[Intel-gfx] [PATCH 7/8] drm/i915/pmu: Wire up engine busy stats to PMU

Chris Wilson chris at chris-wilson.co.uk
Tue Sep 26 20:01:34 UTC 2017


Quoting Rogozhkin, Dmitry V (2017-09-26 19:46:48)
> On Tue, 2017-09-26 at 13:32 +0100, Tvrtko Ursulin wrote:
> > On 25/09/2017 18:48, Chris Wilson wrote:
> > > Quoting Tvrtko Ursulin (2017-09-25 16:15:42)
> > >> From: Tvrtko Ursulin <tvrtko.ursulin at intel.com>
> > >>
> > >> We can use engine busy stats instead of the MMIO sampling timer
> > >> for better efficiency.
> > >>
> > >> As minimum this saves period * num_engines / sec mmio reads,
> > >> and in a better case, when only engine busy samplers are active,
> > >> it enables us to not kick off the sampling timer at all.
> > > 
> > > Or you could inspect port_isset(execlists.port).
> > > You can avoid the mmio for this case also by just using HWSP. It's just
> > > that I never enabled busy tracking in isolation, so I always ended up
> > > using the mmio.
> > 
> > This would be for execlists only.

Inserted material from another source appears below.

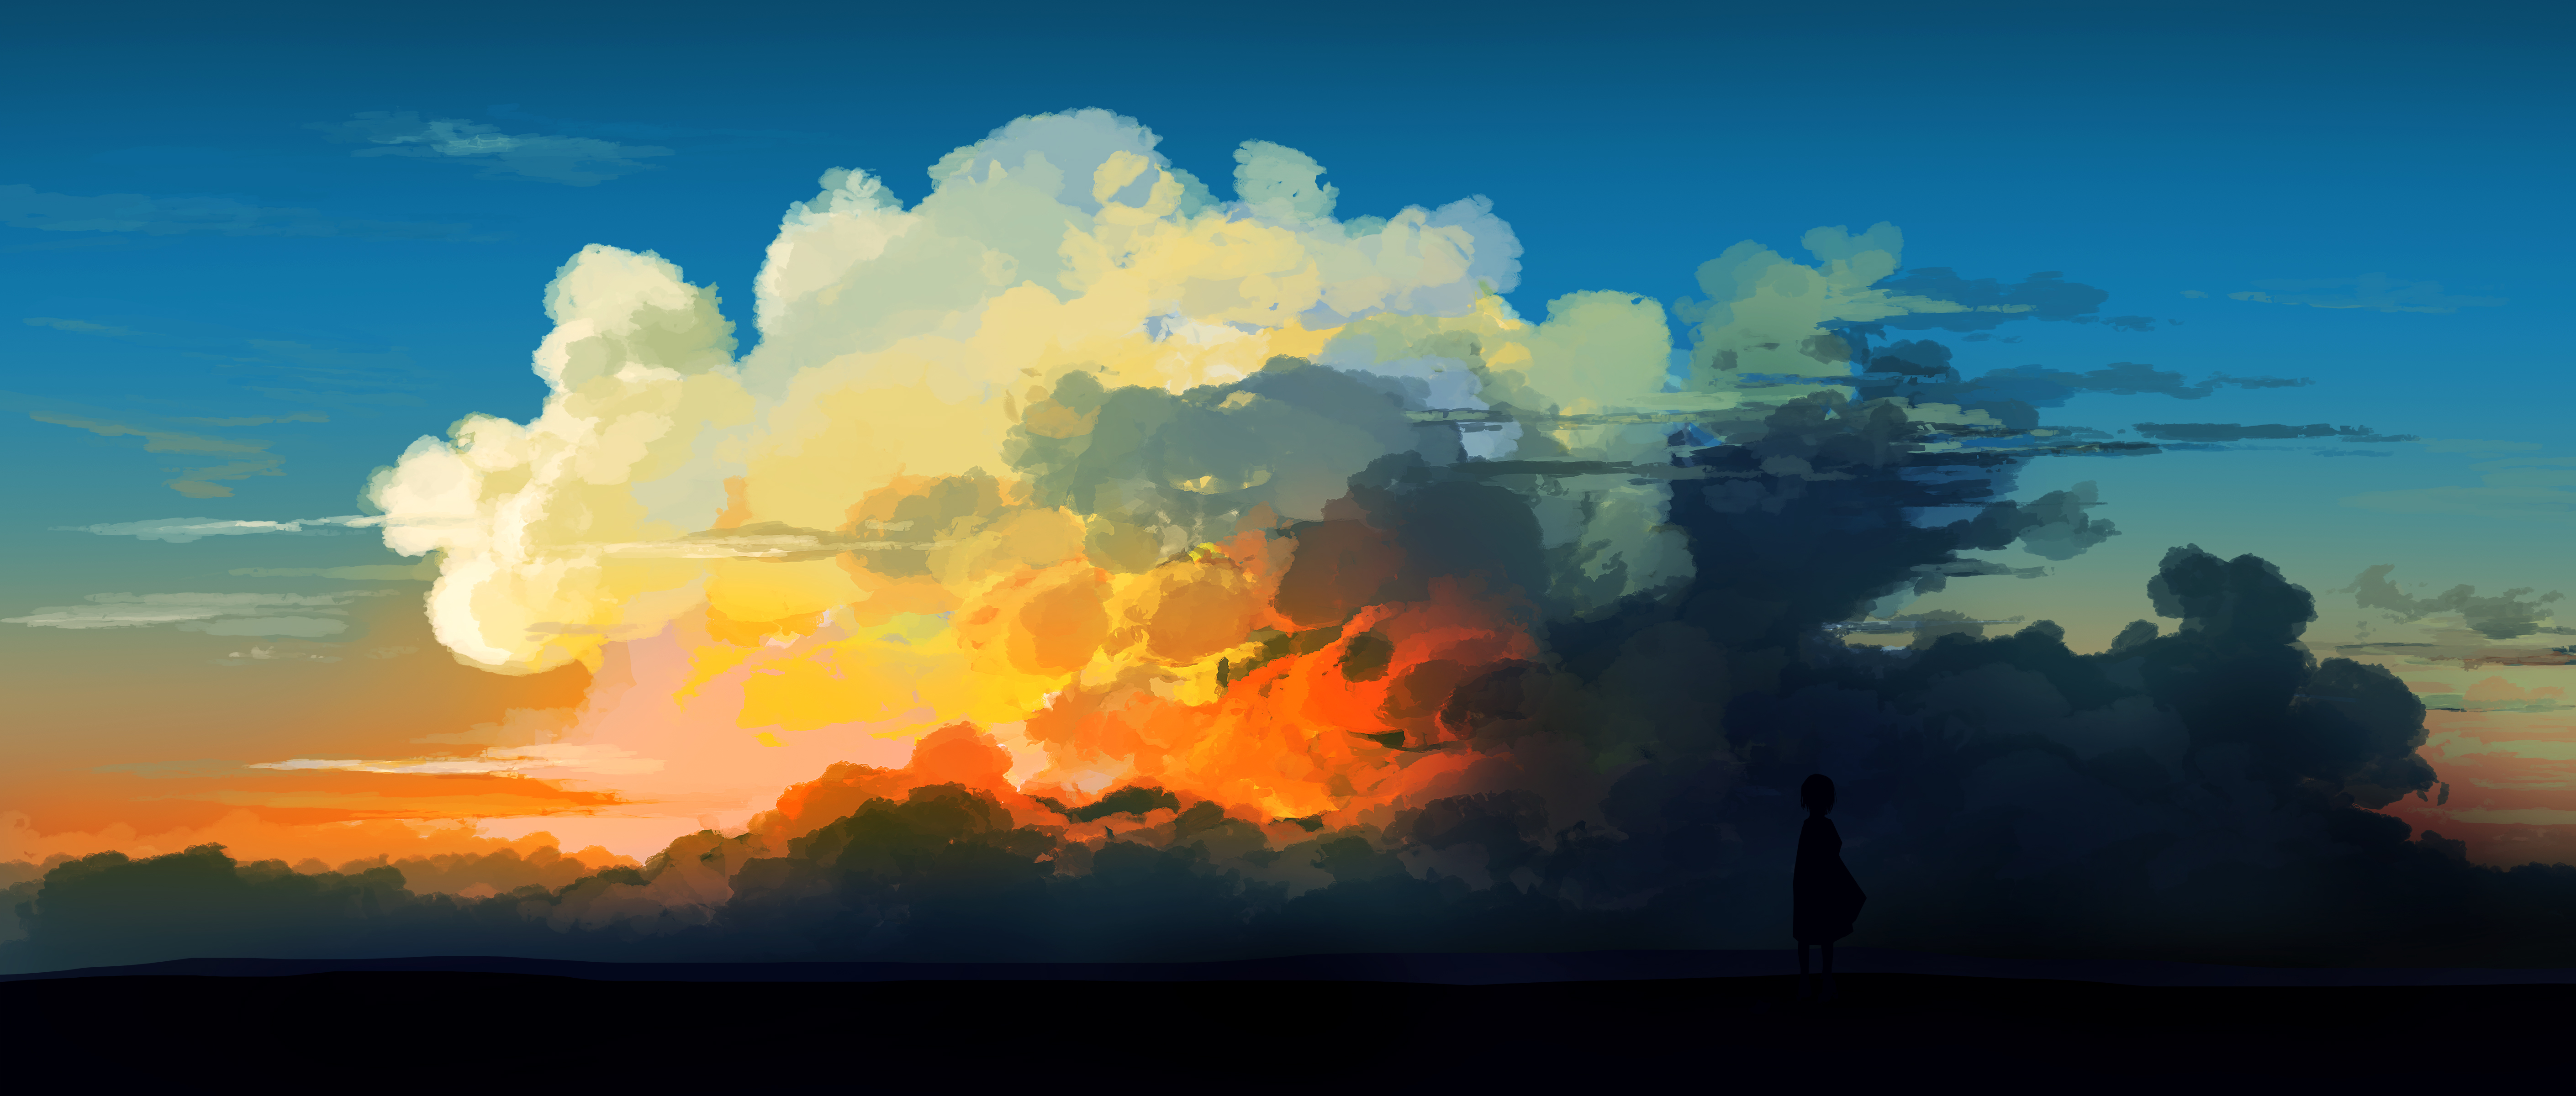 Gracile Digital Digital Art Artwork Illustration Drawing Clouds Sunset Landscape 5640x2400

I could change the main patch to do 
> > this, you think it is worth it?
> 
> You know, I wonder why we limit this by execlists?

Because there's only one ringbuffer for legacy and we don't virtualise
the contexts to have distinct buffers onto which we build the different
execlists. It's not impossible to emulate execlists on top; the only win
would be to remove the sema interengine waits (and external waits) and
replace them with cpu waits, unblocking the pipeline. Reducing
ringbuffer to execlist performance isn't appealing however.

> Is that because
> scheduler is working only for execlists and doesn't work for ringbuffers
> on older HW? But consider the following. If we don't have a scheduler,
> then we have FIFO queue and either hw semaphore or sw sync. For the
> userspace applications real execution and wait are not actually
> distinguishable: for him engine is busy, it either executes or it is
> stalled and can't execute anything else, thus - it is busy.

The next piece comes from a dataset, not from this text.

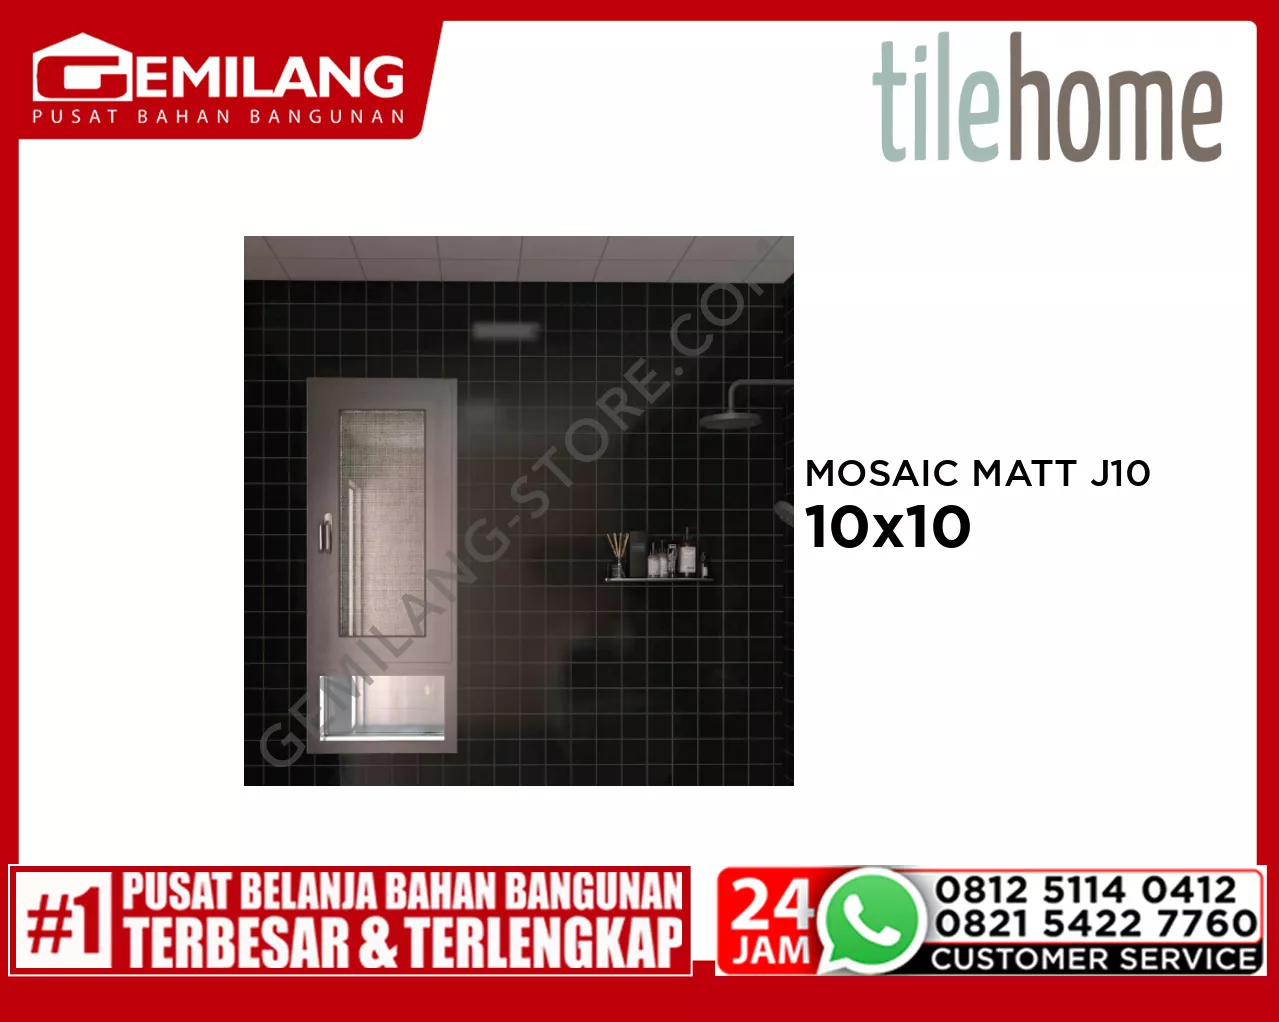 TILEHOME MOSAIC MATT J10 W108M 10cm x 10cm

I've used the sema stall notification to reduce said stalls and allow
greater parallelism, knowing that they are caused by inter-engine
dependencies.

The question is whether knowing e.g. global statistics on the number of
requests waiting for external fences is interesting, or just the
runnable length. For the application, the question is more or less what
is the length of the dependency for this batch -- how early can I expect
this to run? Such questions will vary based on the scheduler policy.

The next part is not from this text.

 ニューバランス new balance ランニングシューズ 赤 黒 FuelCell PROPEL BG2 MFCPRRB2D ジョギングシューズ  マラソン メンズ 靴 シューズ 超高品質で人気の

> From this perspective we can consider to extend what we do currently for
> execlists to cover FIFO ringbuffers.

You mean how to extend the ringbuffer counters to cover execlists, and
beyond.

> How do you think? Other metrics
> like SEMA or WAIT would be second level of details and will mean
> distribution of BUSY time: we spent SEMA time on semaphore or WAIT time
> on the wait and actively ran something BUSY-SEMA(WAIT) time.

That's what they mean currently (and how I tried to display them in
overlay).
 
> By the way, with the BDW+ and execlists, is my understanding right that
> we report WAIT metric and SEMA is always 0?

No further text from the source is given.